Pig Latin basics in Hadoop - Time & Space Complexity
We want to understand how the time to run Pig Latin scripts changes as the data size grows.
How does the script's work increase when we have more data?
Analyze the time complexity of the following Pig Latin script.
data = LOAD 'input' AS (name:chararray, age:int);
adults = FILTER data BY age >= 18;
grouped = GROUP adults BY name;
counts = FOREACH grouped GENERATE group, COUNT(adults);
STORE counts INTO 'output';
This script loads data, filters adults, groups by name, counts adults per name, and stores the result.
Identify the loops, recursion, array traversals that repeat.
- Primary operation: Scanning all rows to filter and group data.
- How many times: Each row is processed once during filtering and once during grouping.

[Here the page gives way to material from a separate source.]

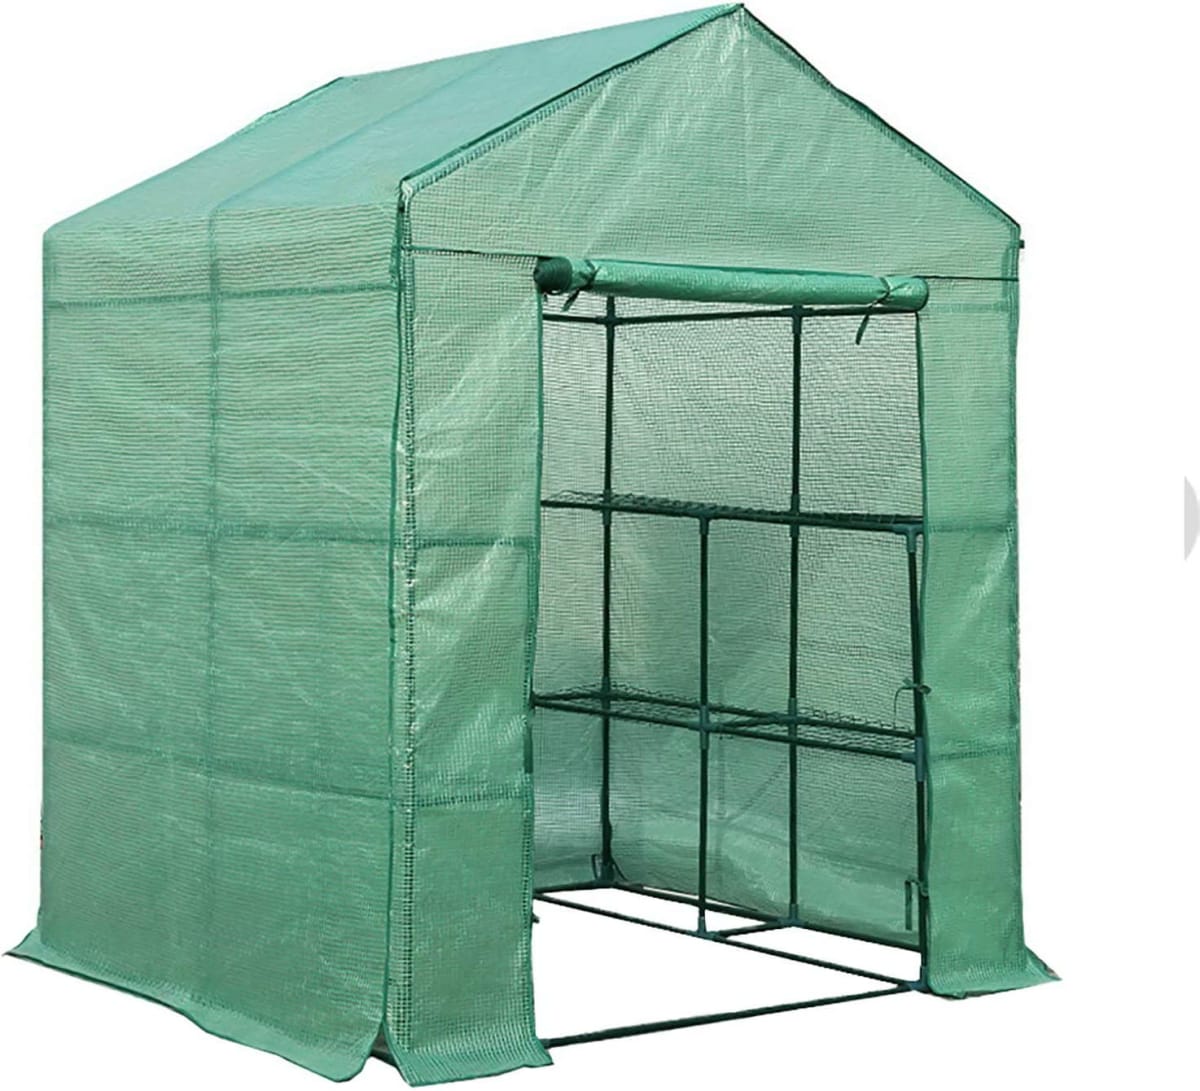 8 Shelves Greenhouse Tunnel Plant Stand Garden Storage Grow Sheds

As the number of rows grows, the script processes each row in steps like filtering and grouping.
| Input Size (n) | Approx. Operations |
|---|---|
| 10 | About 20 operations (filter + group) |
| 100 | About 200 operations |
| 1000 | About 2000 operations |
Pattern observation: Operations grow roughly in direct proportion to input size.
Time Complexity: O(n)
This means the time to run the script grows linearly as the data size grows.
[X] Wrong: "Grouping data takes constant time no matter how big the data is."
[OK] Correct: Grouping must look at each row to organize it, so it takes more time as data grows.
Understanding how data size affects Pig Latin scripts helps you explain your approach clearly and shows you know how big data tools work.
"What if we added a nested FOREACH inside the grouping step? How would the time complexity change?"